So naturally, just a few hours after I mocked his baffling baby behaviors (see Part 1), Declan proved why being a parent is so amazing and so unlike anything else. After darkness comes light. Rainbows after rain. Insert your favorite hard-times-eventually-yield-good-times cliché here.

It started with the food trucks, which he greeted with initial skepticism, or more likely, indifference save for the hunger that caused his chubby chin to crinkle, his wide eyes to well with wetness, and his mouth to, you know, do what baby mouths do: namely, make noise. To mitigate this, we introduced a new weapon in the arsenal of infant calming: the bottle. As our friends and fellow new parents scarfed down tasty food truck offerings whilst attending to babies of various age and temperament, we decided now was the best time to give him a nipple of the plastic variety. And I had the honors. At first, he just toyed with it, anticipating–I think–that this was just some new version of the pacifier…fine, occasionally, to suck on, but devoid of the life-giving nourishment of his one true love, the boob. And then, he opened wide, took the whole thing in his mouth, and sweet mother of God, milk was magically delivered to his mouth at what appeared to be the speed of white water rapids. So much for the promises of a “slow-flow” nipple. Anyway, it was remarkably rewarding as a dad to be able to meet this basic need of Deck’s after five weeks serving as Colleen’s pit crew, chiming in probably more often than necessary, “Think he needs a diaper change yet?” Looking into Declan’s eyes as I fed him, they seemed bigger than usual, almost in awe. I imagined him thinking, “I don’t know who you are or why you keep hanging around. But you just became more valuable to me.”

And that was just the warm up. After we got home, Declan fed with Colleen for a bit, and then we talked about putting him in his sleep sack and trying to send him off to bed. But as I started the process, I realized he wasn’t having it. Not the least bit sleepy. So I laid him down on the bed and just started talking to him, making funny faces, showing him objects in the room, whatever struck me. 45 minutes later, we were still there. No crying.

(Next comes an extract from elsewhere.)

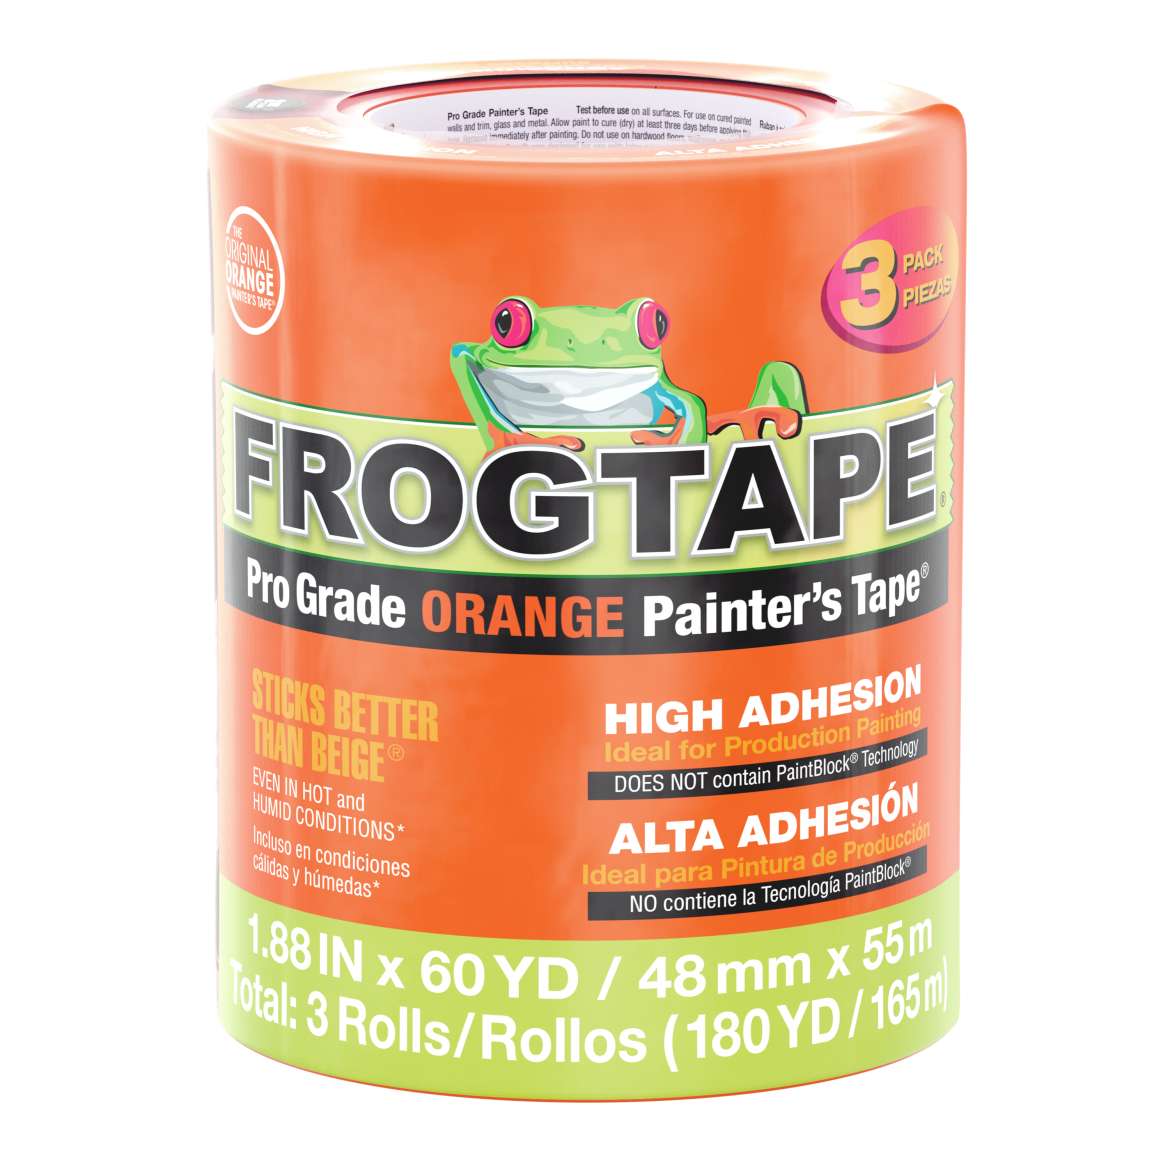 FrogTape® Pro Grade Orange Painter’s Tape® - Orange, 3 pk, 1.88 in. x 60 yd.

Just full-blown curiosity, mixed with his version of jiu jitsu (legs and arms spazzing out) and a few smiles for good measure. Sometimes, we’d almost be having a conversation. He would coo and I would mimic. I would talk in that weird, high-pitched voice that adults use to talk to babies and he would mimic. Coolest damn thing. And then, I put my face inches away from his and looked into his eyes and he looked right back into mine– not breathing, not blinking, not judging– and, I thought…wow, after 31 years of life, now I know what eyes are really for.